At any given point in time, the value of these measures should be well-within the incoming and outgoing bandwidth usage limits set for the corresponding traffic-changing policy. If these values consistently grow towards the bandwidth usage limit, it is an indication that the traffic-shaping policy is not very effective. You may then have to fine-tune that policy to optimize bandwidth consumption.

Packets received

Indicates the number of packets received for this traffic-shaping policy during the last measurement period.

Number

Data received before compression

Indicates the amount of data that was received for this service class before compression, during the last measurement period.

KB

Data dropped during transmission:

Indicates the rate of traffic dropped because of this traffic-shaping policy.

KB/Sec

A high value for these measures could indicate one of the following:

  • The traffic-shaping policy is such that it allows only very limited data to be sent/received over a link; this excludes a lot of data from transmissions/receptions and maximizes the responsiveness of the link; 
  • The traffic-shaping policy has been misconfigured, causing a link to send/receive much less data than what it can handle; this causes a lot of data to be unnecessarily dropped from transmissions/receptions, affecting the quality-of-experience in the process. In this case, you may have to fine-tune the policy.

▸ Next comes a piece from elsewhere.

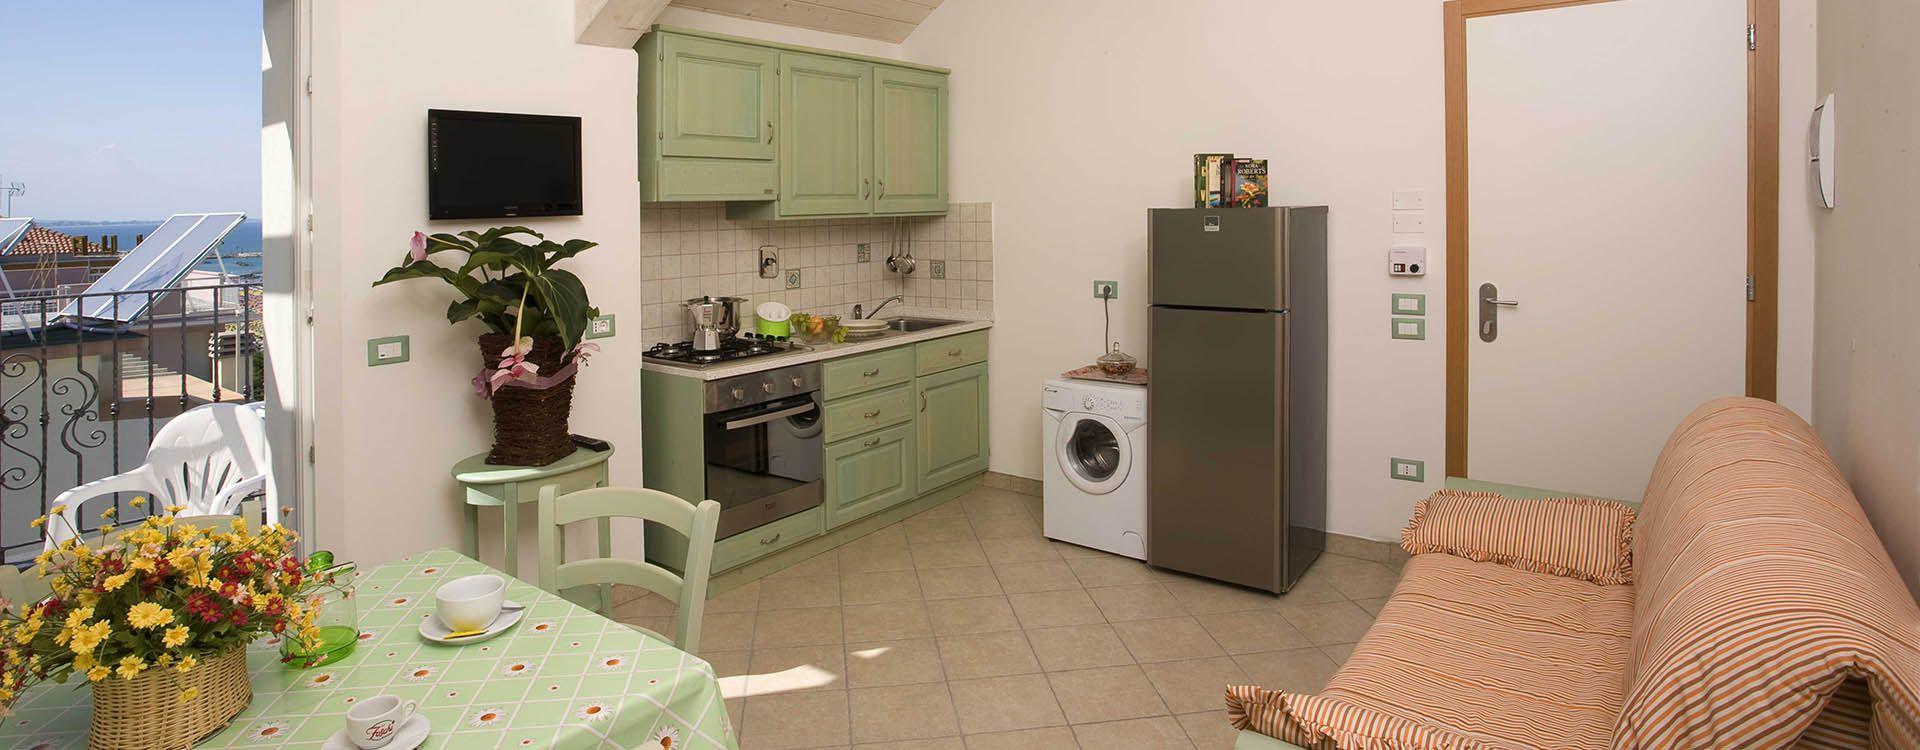 Appartamenti gabicce mare for Appartamenti gabicce mare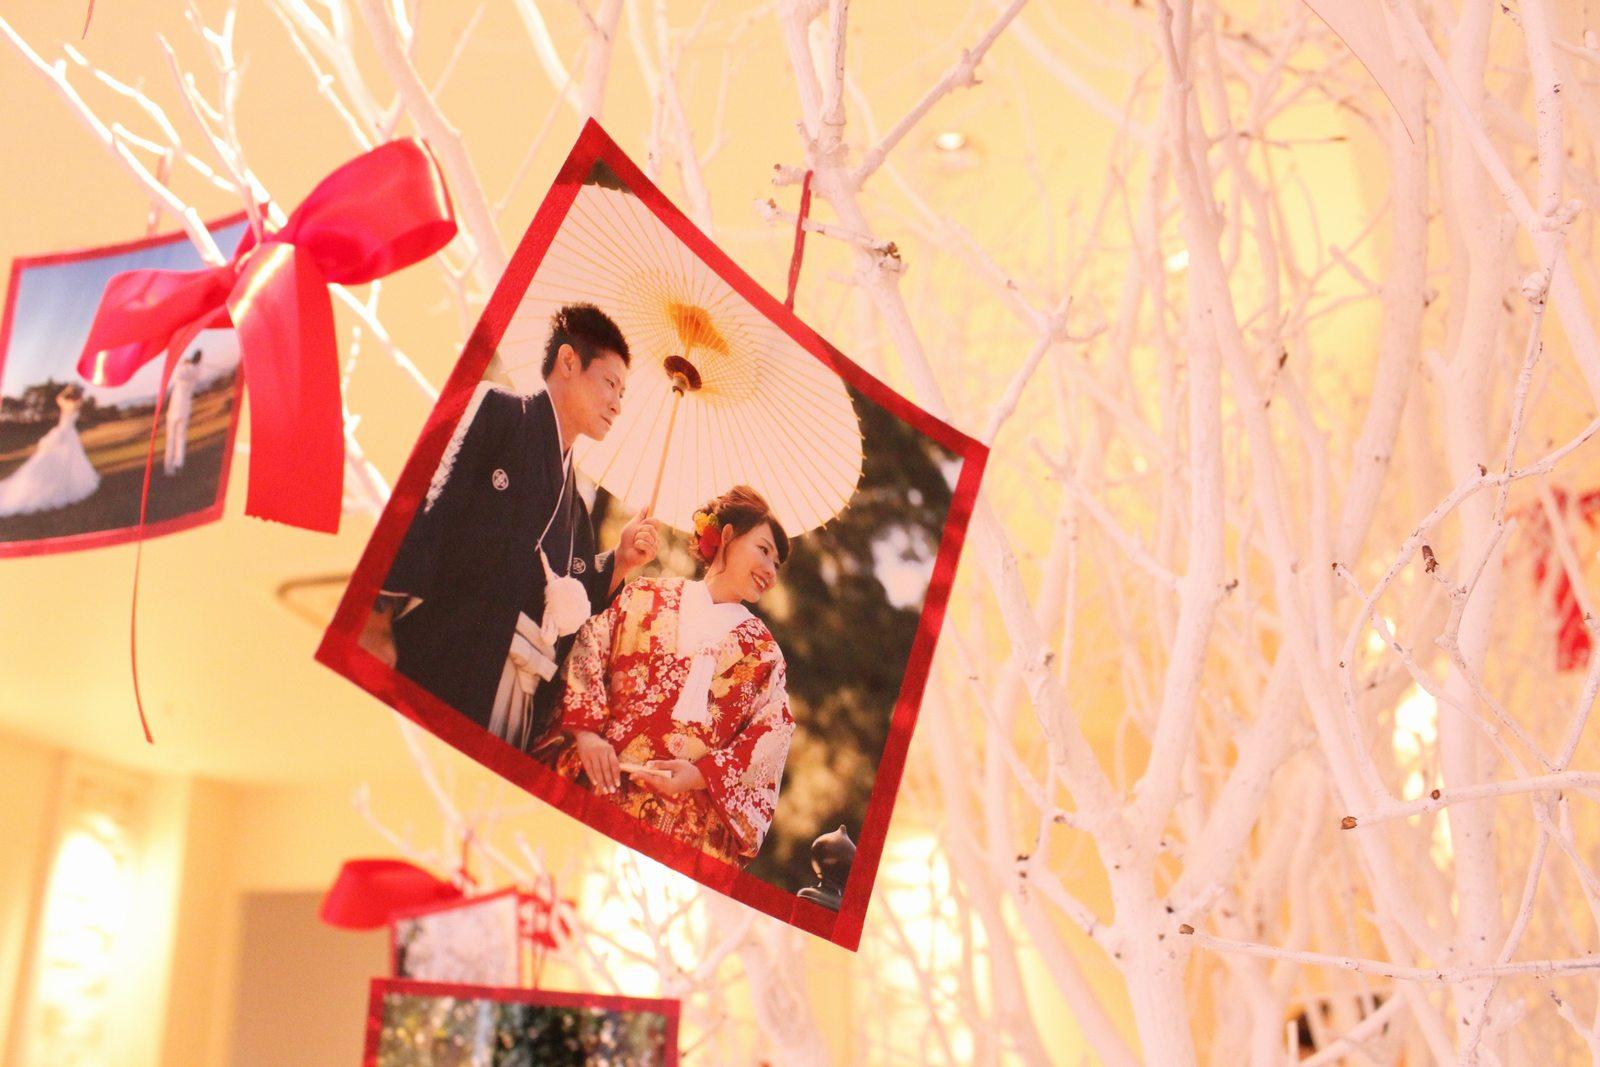 高松市の結婚式場アイルバレクラブのウエディングツリーに二人の写真を

Data dropped during reception

Indicates the rate of traffic not received due to this traffic-shaping policy.

KB/Sec

Packets dropped during transmission

Indicates the number of packets dropped during transmissions due to this traffic-shaping policy.

Number

A high value for these measures could indicate one of the following:

  • The traffic-shaping policy is such that it allows only a few data packets to be sent/received over a link; this excludes a lot of packets from transmissions/receptions and maximizes the responsiveness of the link; 
  • The traffic-shaping policy has been misconfigured, causing a link to send/receive fewer data packets than what it can handle; this causes many packets to be unnecessarily dropped from transmissions/receptions, affecting the quality-of-experience in the process. In this case, you may have to fine-tune the policy.

Packets dropped during reception

Indicates the number of packets not received due to this traffic-shaping policy.

Number